To some, calling these satellites moons could sound odd. They certainly don’t look like the familiar Moon around Earth. Most of them are irregular satellites — tiny fragments, just 2 to 4 kilometers in diameter, that likely formed from violent collisions between larger moons or with passing comets. Technically, they’re still moons whether you like it or not. More on that in a moment.
Many of them cluster near the Mundilfari subgroup, a region believed to be the site of a cataclysmic collision within the last 100 million years. “Our carefully planned multi-year campaign has yielded a bonanza of new moons that tell us about the evolution of Saturn’s irregular natural satellite population,” Ashton said.
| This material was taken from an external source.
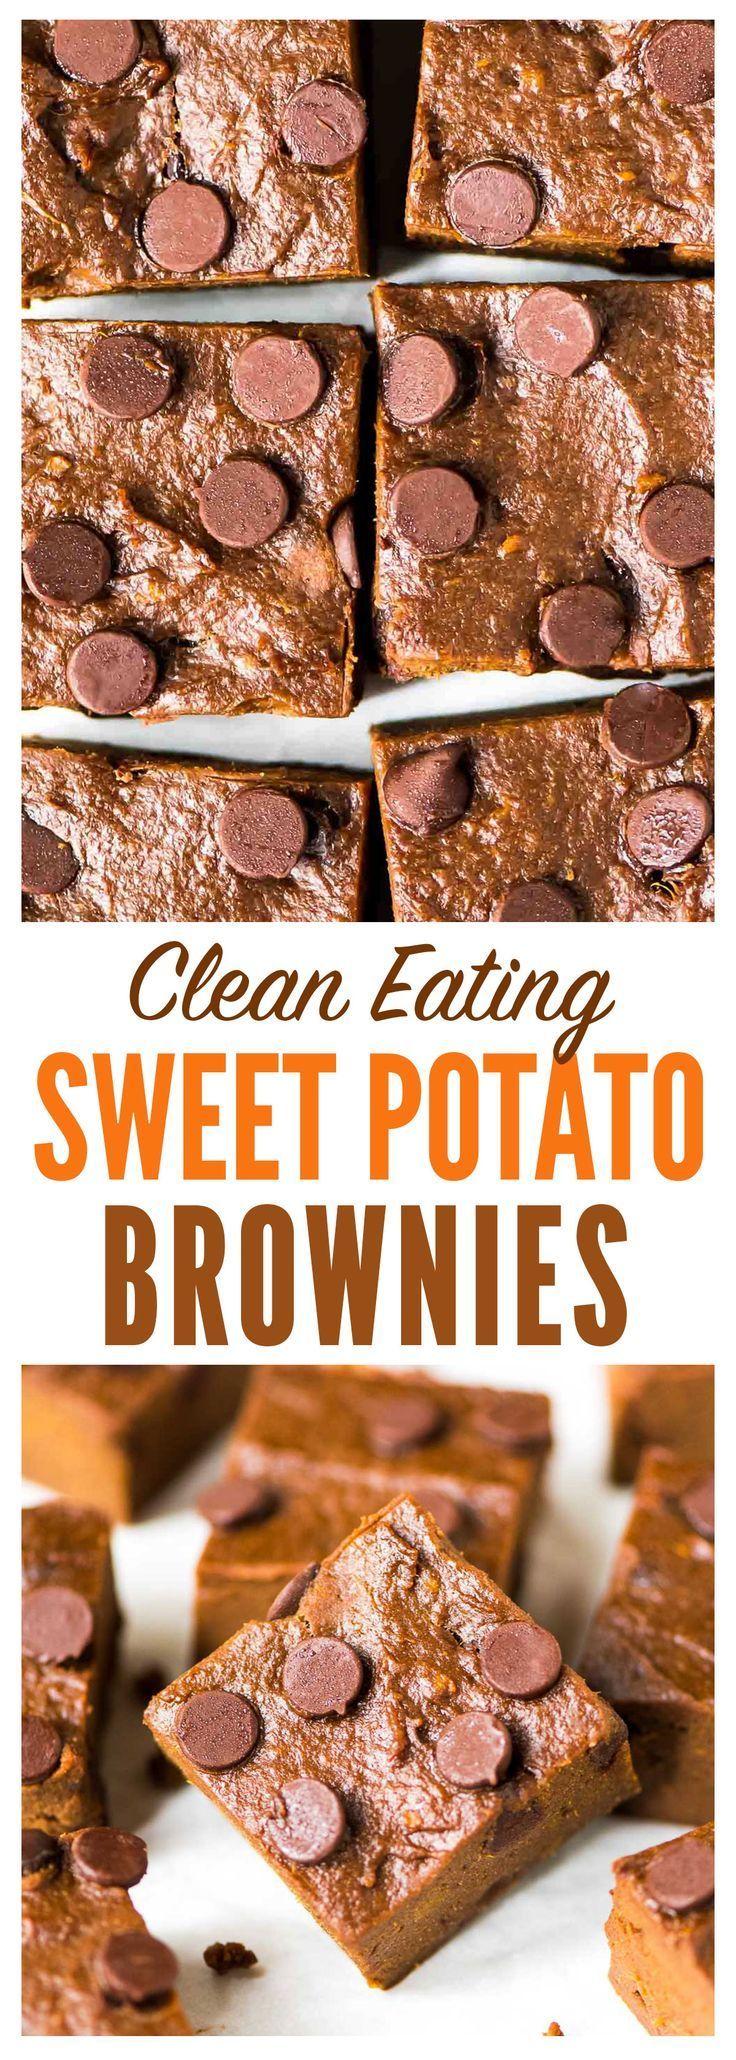 All Things Savory Sweet Potato Brownies Sweet potato

How Small Is Too Small for a Moon?
How tiny can an object be before it’s no longer considered a moon? The newly discovered satellites are so small that they appear as little more than “fuzzy blobs” in telescope images. Mike Alexandersen of the Minor Planet Center, which logs planetary bodies for the IAU, acknowledges the challenge. “The cutoff between what is a moon and what is just a rock particle is probably going to be somewhere between 1 kilometer and 1 meter in diameter,” he said. “It’s most likely going to be relatively arbitrary.”
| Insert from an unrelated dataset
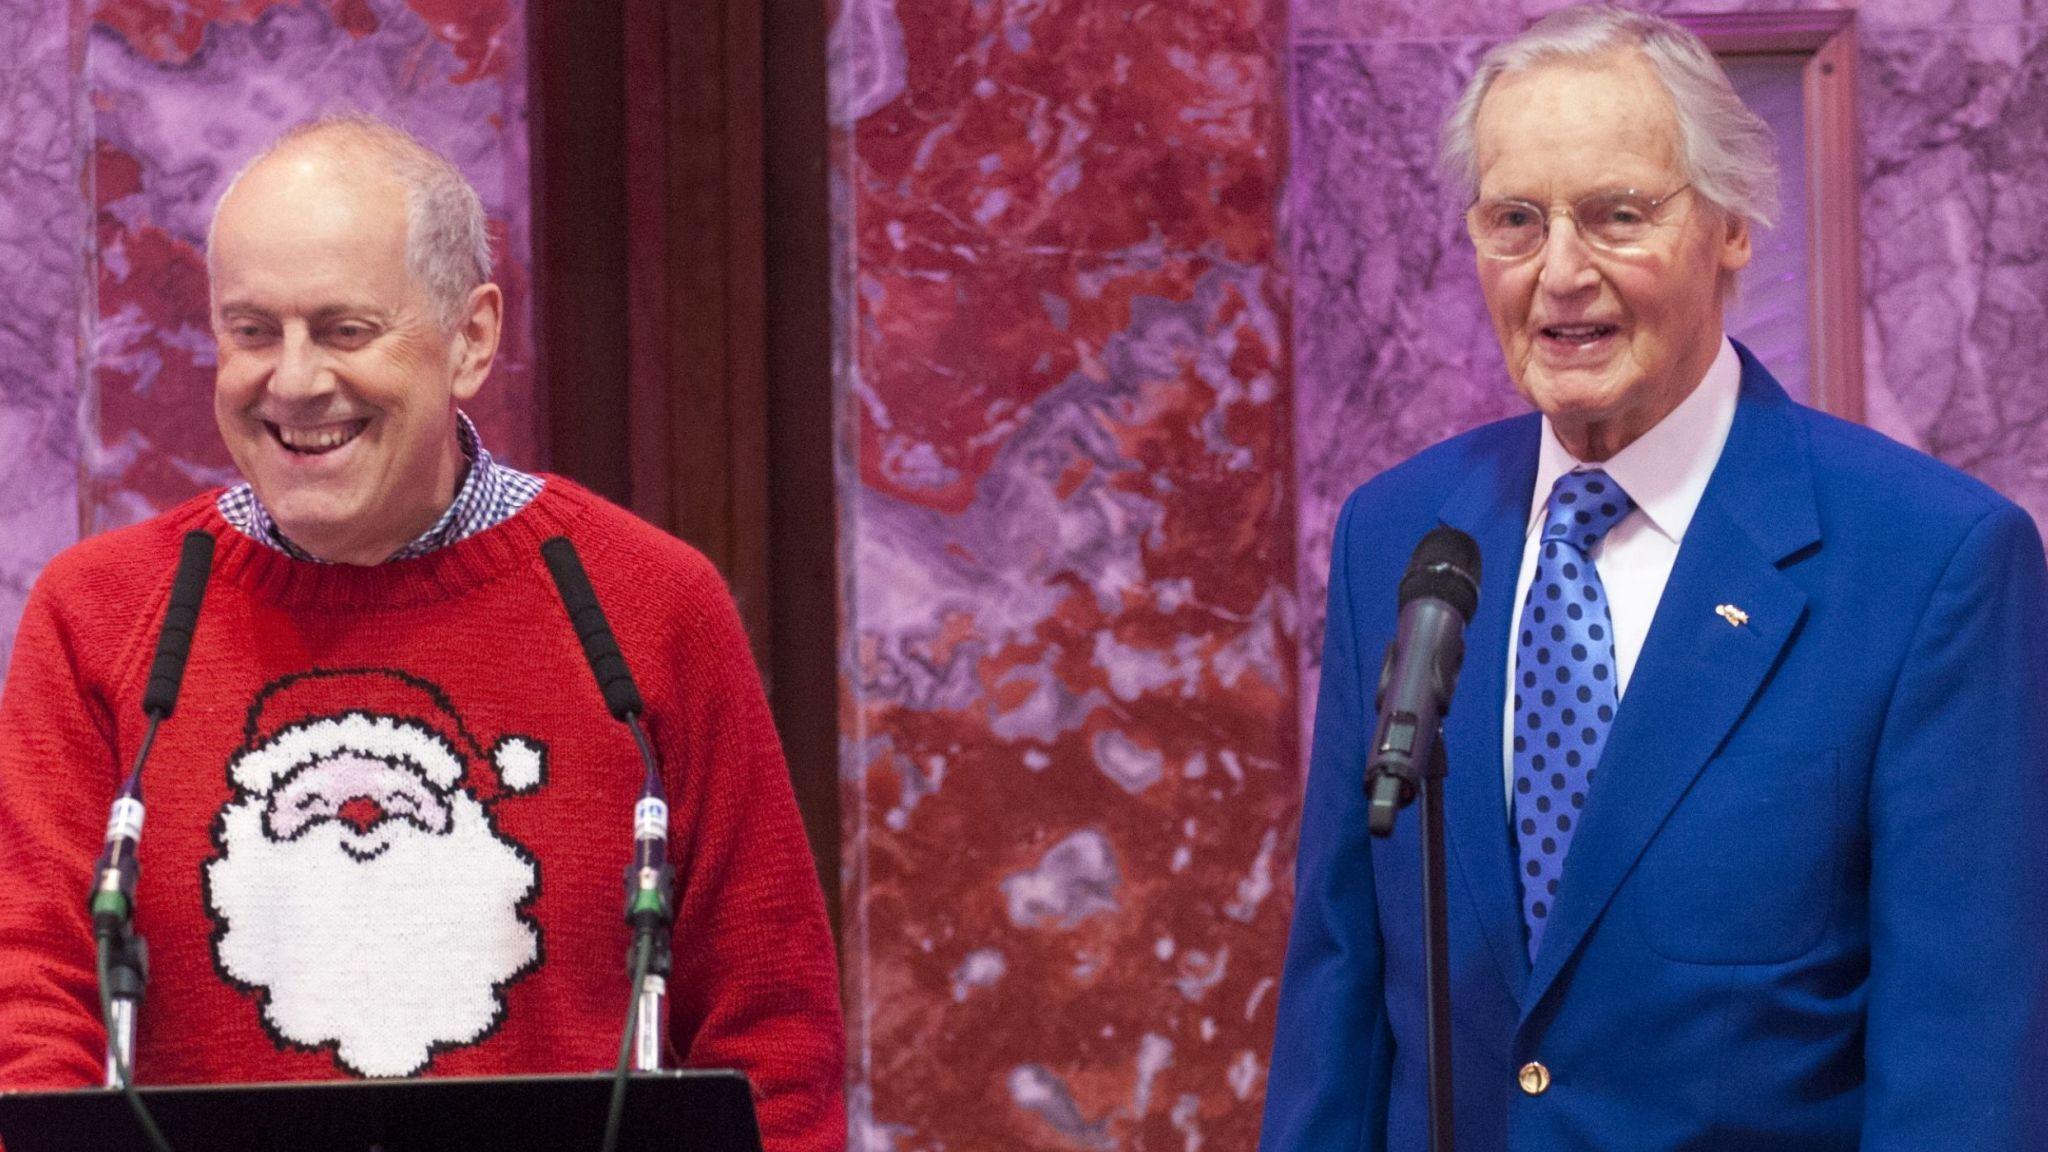 Gyles Brandreth and Nicholas Parsons in 2014. Pic: David Parker/ANL/Shutterstock

The IAU has already decided not to prioritize naming moons smaller than 1 kilometer unless a spacecraft visits them. But for Ashton and his team, the discovery is about more than just numbers. “These are small little rocks floating in space, so some people might not find it quite an achievement,” he said. “But I think it’s important to have a catalogue of all the objects in the solar system.”
Could we find more? Perhaps. However, the current pace of discovery has likely run out of steam. The current technology in detecting moons around distant planets like Saturn, Uranus, and Neptune has reached its limits. But the search is far from over. Advances in telescope technology could reveal thousands of moons in the coming decades.
Elizabeth Day, a planetary scientist at Imperial College London, notes that mapping these objects may, at some point, carry important practical considerations — even financial ones. “We might want to extract resources from asteroids and moons in the solar system, so having a great understanding of what is where is important for that,” she said.
For now, the ringed planet reigns supreme — but the cosmos always has more secrets to reveal.